Lots of interesting updates today.

But would like to first mention the fantastic work Cloud computing group at UCSB are doing to make appengine framework more open. They have done significant work at making appscale “work” with different kinds of data sources including HBase, Cassandra, Voldemort, MongoDB, Hypertable and Mysql and MemcacheDB. Appscale is actively looking for folks interested in working with them to make this stable and production ready.

  • GAE 1.3.1 released: I think the biggest news about this release is the fact that 1000 row limit has now been removed. You still have to deal with the 30 second processing limit per http request, but at least the row limit is not there anymore. They have also introduced support for automatic transparent datastore api retries for most operations. This should dramatically increase reliability of datastore queries, and reduces the amount of work developers have to do to build this auto-retry logic.
  • Elastic search is a lucene based indexing product which seems to do what Solr used to do with the exception that it can now scale across multiple servers. Very interesting product. I’m going to try this out soon.
  • MemcacheDB: A distributed key-value store which is designed to be persistent. It uses memcached protocol, but its actually a datastore (using Berkley DB) rather than cache. 
  • Nasuni seems to have come up with NAS software which uses cloud storage as the persistent datastore. It has capability to cache data locally for faster access to frequently accessed data.
  • Guys at Flickr have two interesting posts you should glance over. “Using, Abusing and Scaling MySQL at Flickr” seems to be the first in a series of post about how flickr scales using Mysql. The next one in the series is “Ticket Servers: Distributed Unique Primary Keys on the Cheap”
    • Finally a fireside chat by Mike Schroepfer, VP of Engineering,  about Scaling Facebook.

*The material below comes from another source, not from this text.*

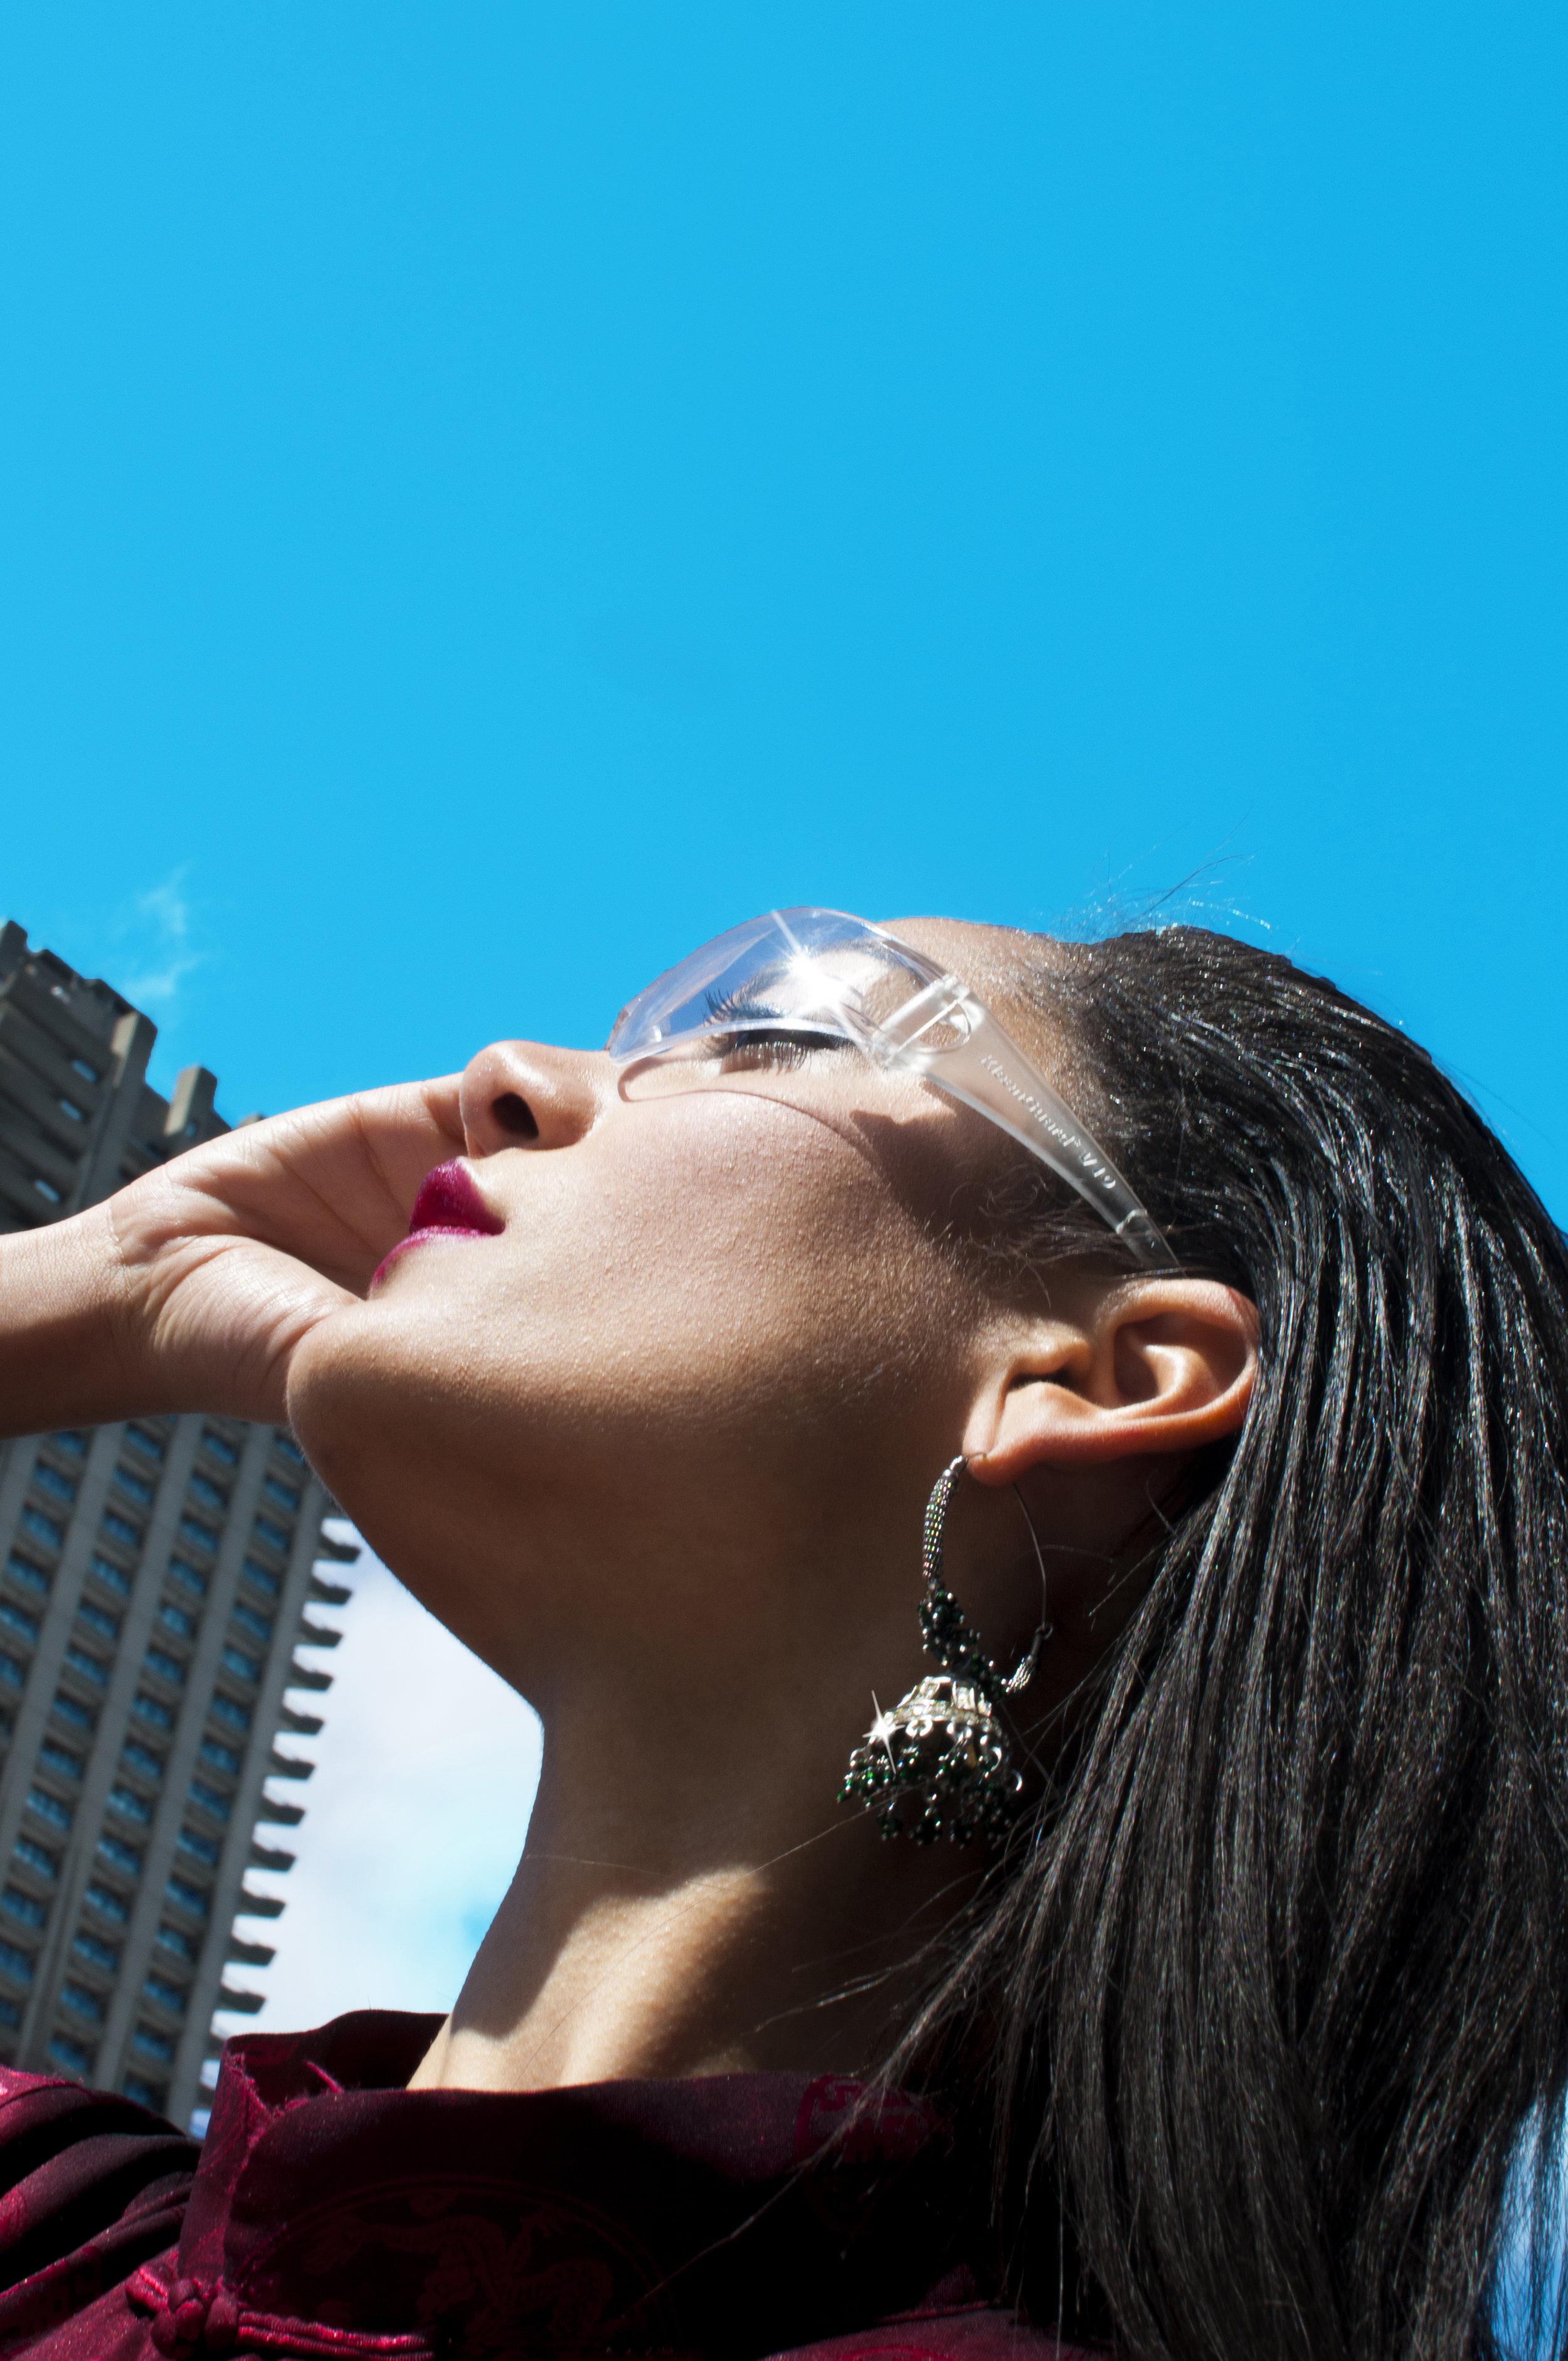 - Photography by Isaac Kariuki

Scalability Stories (15th Sept) Mysql Proxy, Cluster Fire System, Facebook apps and Twitter

There have been a lot of interesting stories from last week for me to share. If you have interesting links you want to add to this post please forward them to me or post a comment to this post.

  • Sun is planning to acquire majority stake of “Cluster File Systems, Inc“. [ Talk on Lustre File System ]
    • Sun intends to add support for Solaris Operating System (Solaris OS) on Lustre and plans to continue enhancing Lustre on Linux and Solaris OS across multi vendor hardware platforms. As previously announced in July 2007, Sun also plans to deliver Lustre servers on top of Sun’s industry-leading open source Solaris ZFS solution, which is one of the fastest growing storage virtualization technology in the marketplace.
  • Making Facebook Apps scale on cheap : An interesting writeup By Surj Patel about Scalability issues Facebook itself and the 3rd Party apps on it have. Also discusses EC2 and S3 as an alternative solution to scale in a cost effective way.
    • Welcome to Amazon and S3 and EC2 — processing power (EC2) and storage (S3) on demand. These services let you access computational power and storage only when you need it and, better yet, pay only for what you use. The last time I checked, it was 10 cents an hour for the server, 10 cents for every gigabyte of data written and 18 cents per gigabyte read out – all for a virtual box with 1.7Ghz x86 processor/1.75Gbytes of RAM/250Mbs of bandwidth. Nor are you limited to one usage; use as many as you need or want and can afford.
  • Interesting blog post on Google Reader Numbers. They have made significant progress lately and thanks to the scalable architecture they now store 10 terabytes of raw feed data from 8 million feeds in their index.
  • Todd Hoff has an interesting writeup on Scaling Twitter: Making Twitter 10000 Percent Faster. And an interview with Biz Stone (Co-Founder of Twitter) here.
  • If you use Mysql and your app is not yet designed to handle federated database architecture, you should take a look at a new product in development called “Mysql Proxy
      The most powerful feature is Read/Write Splitting which allows you to scale a application which is unaware of replication automatically cross several slaves without changes to your application. Instance Scale Out we say. The Proxy also became a 1st class citizen in the MySQL world with full docs, win32 support and easy to install.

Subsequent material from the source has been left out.